Note: Akamai dynamically injects their RUM script at the time when the HTML is being generated (with customer defined sampling rate). As a result, the absolute count will vary (and won’t report all sites).

3 Likes

@souders all merged into a single query now! The percent column is the relative market share for all the sites that have RUM installed. Trying to figure out how to add an absolute % as well, but that’s turning out to be a bit more tricky… /cc @fhoffa

Reran the query with 4/15/17 data:

Not much change with GA but Pingdom, SOASTA, and Akamai have grown substantially.

Would also be interesting to see the distribution of Alexa ranks for each vendor before and after…

Edit: Looking at the absolute numbers, GA now has fewer sites, but a similar % of vendorshare. Where did they go?

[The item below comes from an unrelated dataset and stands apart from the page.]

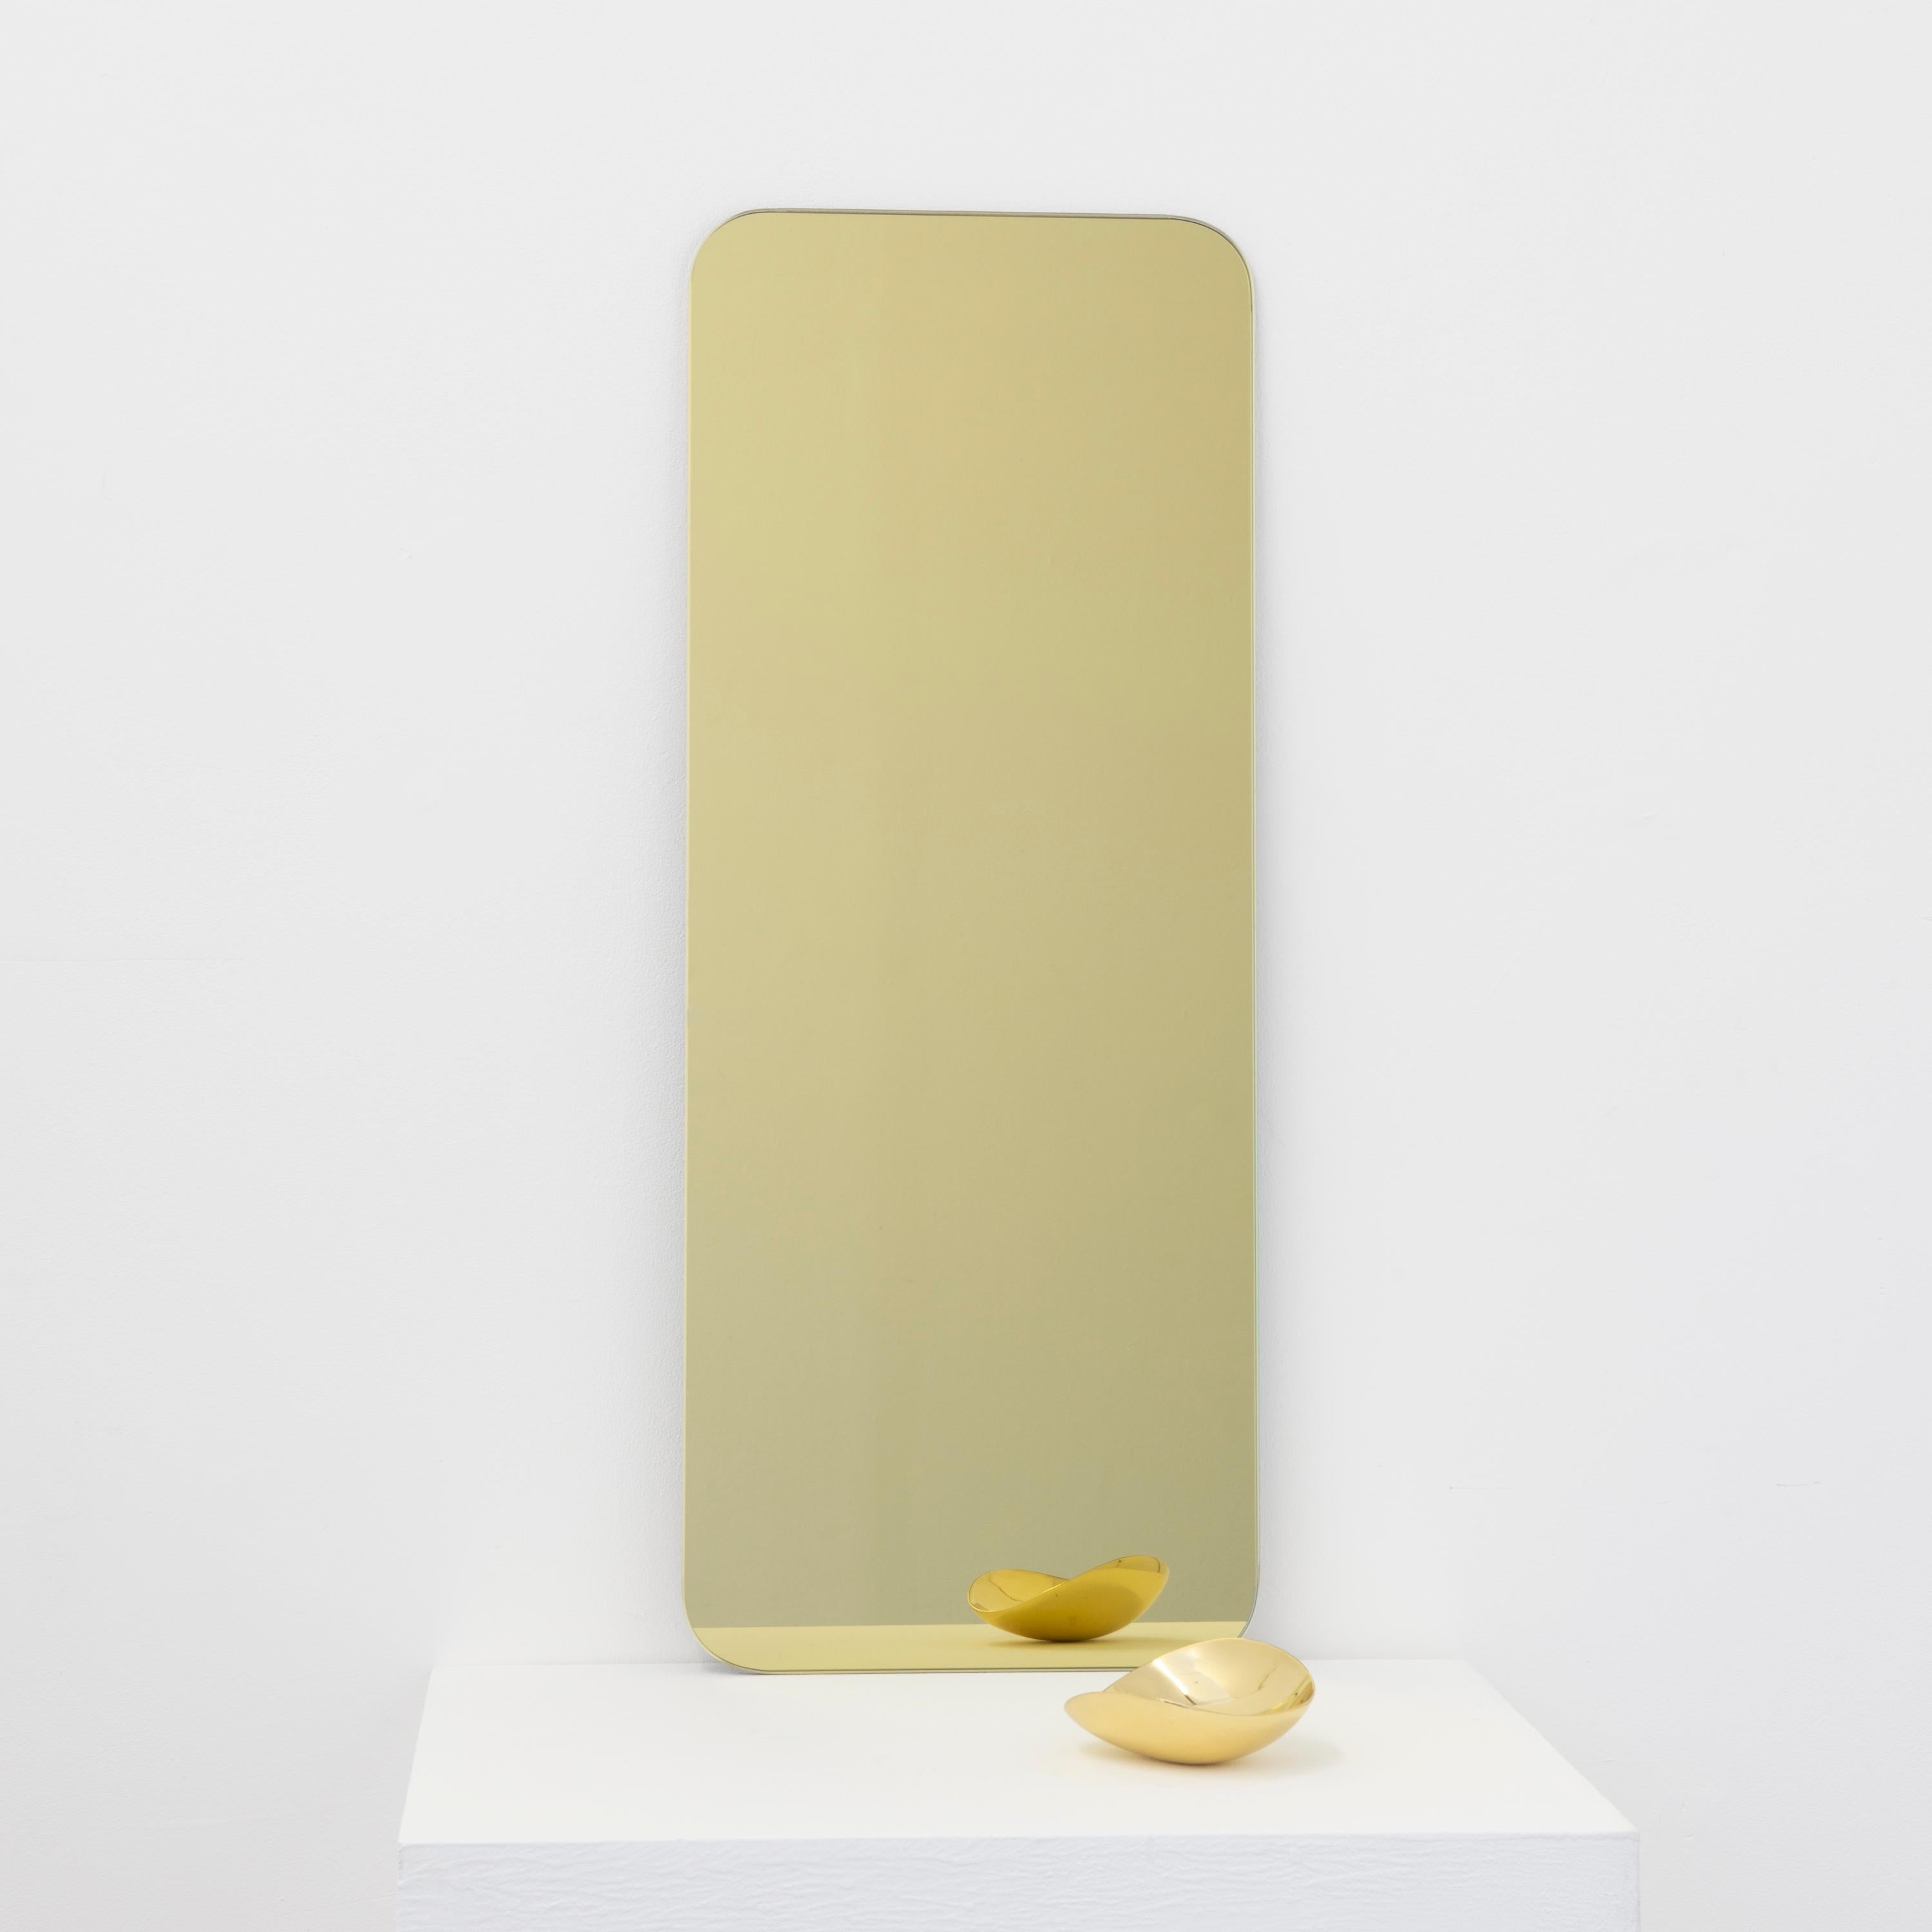 Quadris Gold Rectangular Frameless Minimalist Mirror, Medium In New Condition For Sale In London, GB

Was there a change in New Relic detection? Going from 6440 sites to 2 seems suspect.

1 Like

Changing the NewRelic detection to:

WHEN url CONTAINS “js-agent.newrelic.com” THEN “New Relic”

appears to work -

1 Like

To add a few more providers into the mix (as AppDynamics can be self-hosted it may under-report their numbers)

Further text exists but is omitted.